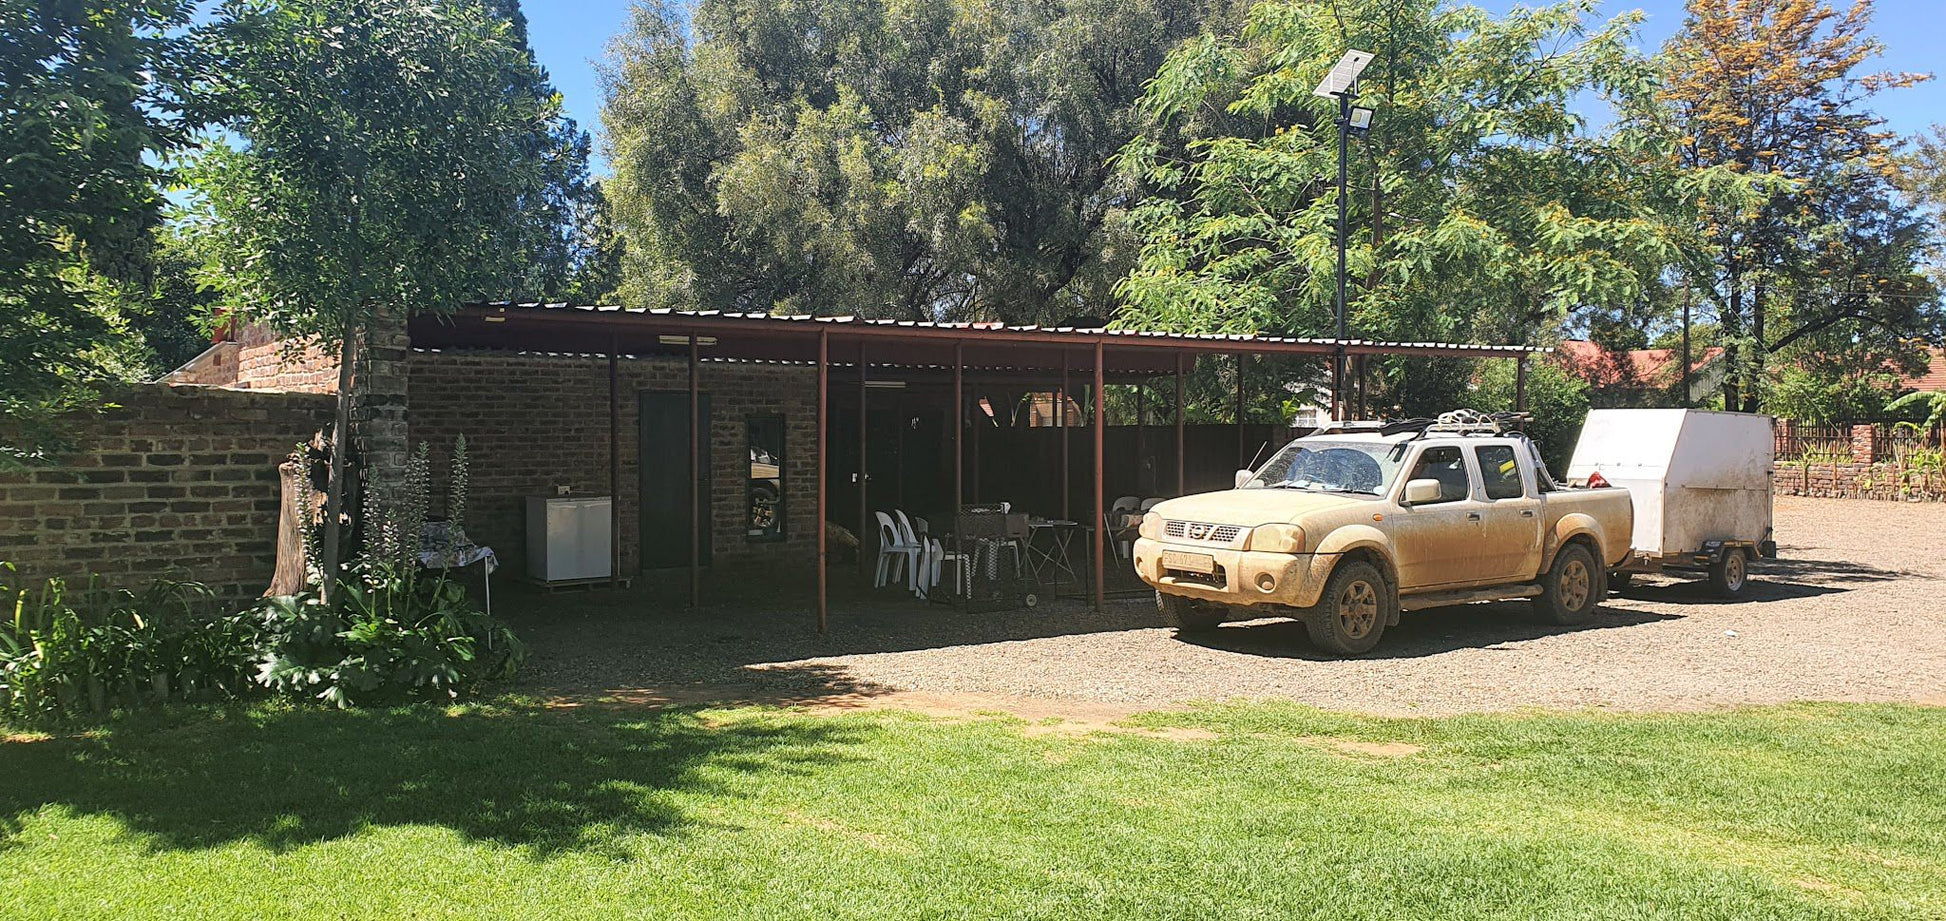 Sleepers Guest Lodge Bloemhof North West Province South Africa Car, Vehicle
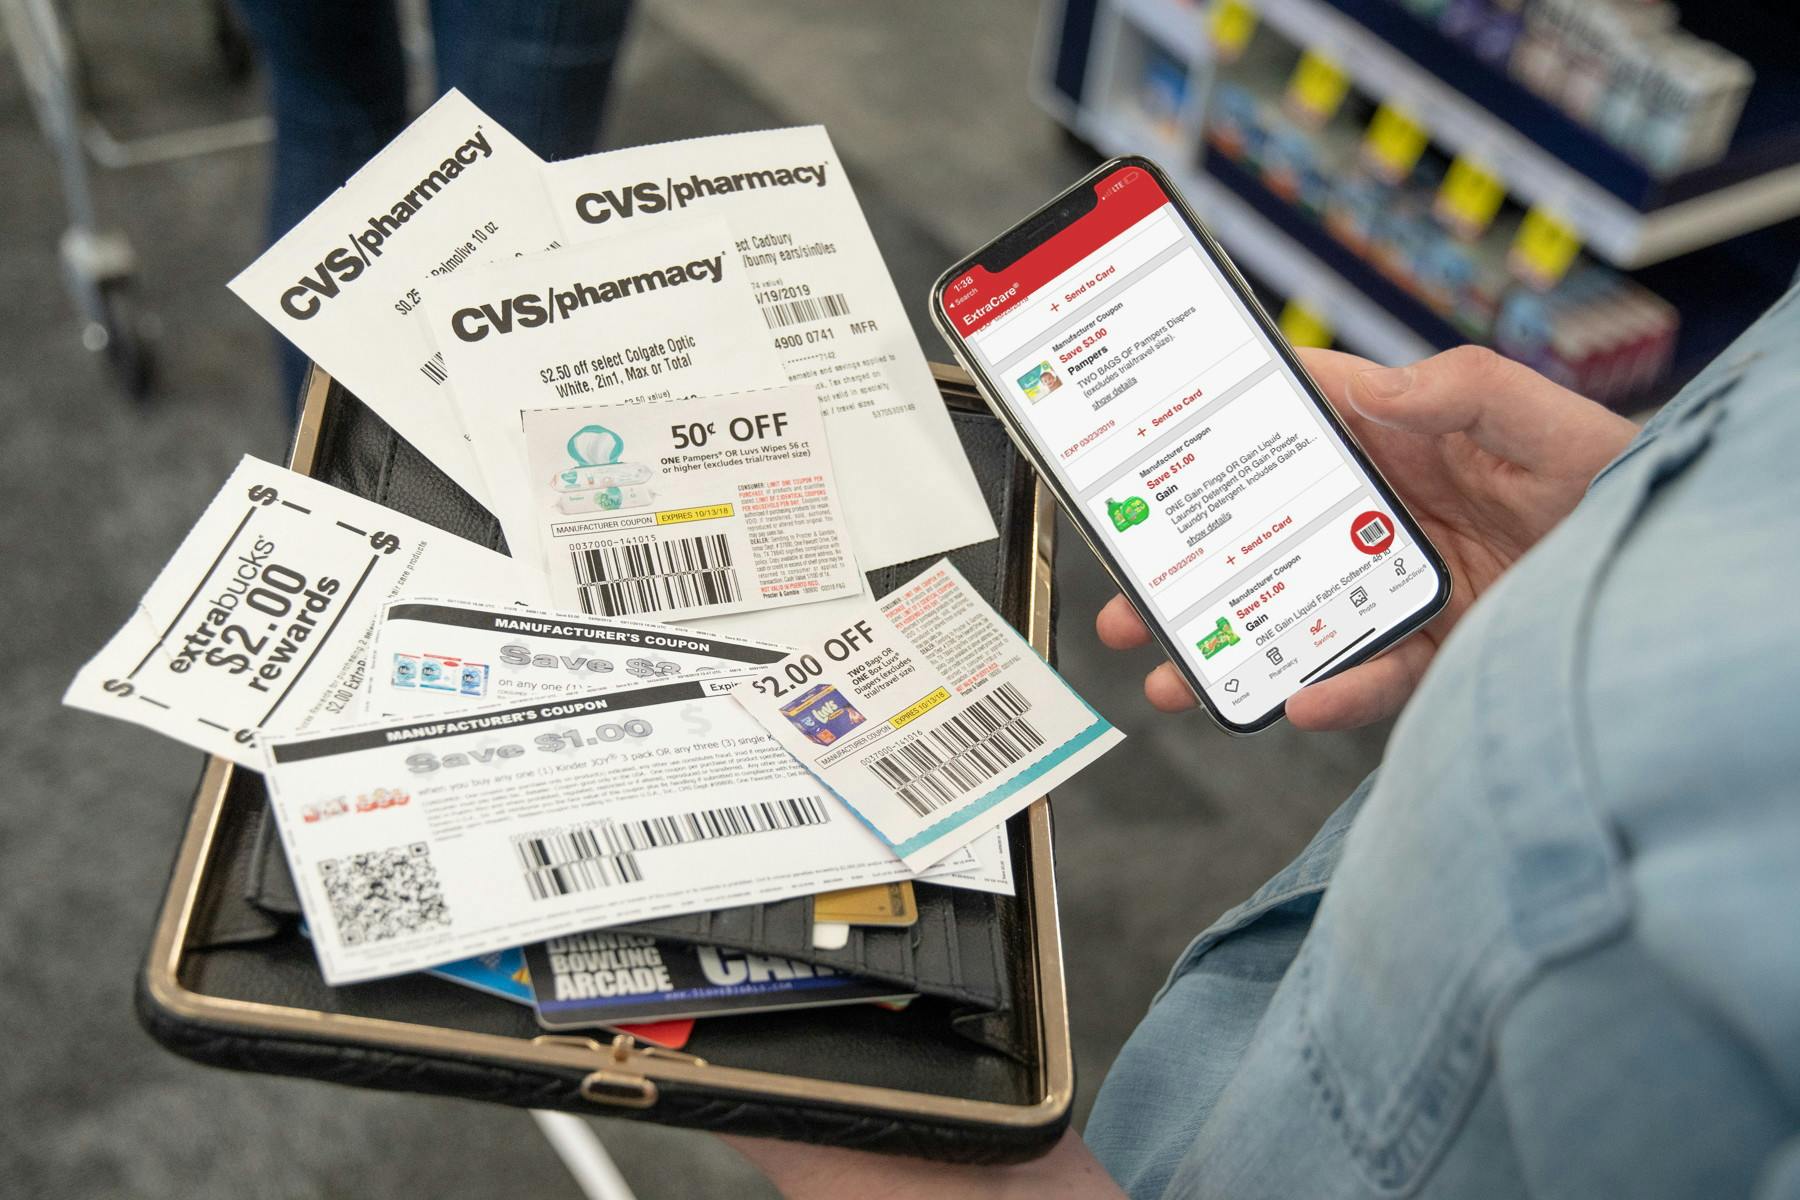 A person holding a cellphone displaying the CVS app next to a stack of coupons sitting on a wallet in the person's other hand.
#####
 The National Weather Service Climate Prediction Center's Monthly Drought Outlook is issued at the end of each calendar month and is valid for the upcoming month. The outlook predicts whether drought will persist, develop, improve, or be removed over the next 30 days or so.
#####
### [Your instructions]
Print the line above containing "Sleepers Guest Lodge", the line containing "A person holding", and everything between them, exactly as written. Pictures stay out.

### [Reply to the exercise]
 Sleepers Guest Lodge Bloemhof North West Province South Africa Car, Vehicle
 A person holding a cellphone displaying the CVS app next to a stack of coupons sitting on a wallet in the person's other hand.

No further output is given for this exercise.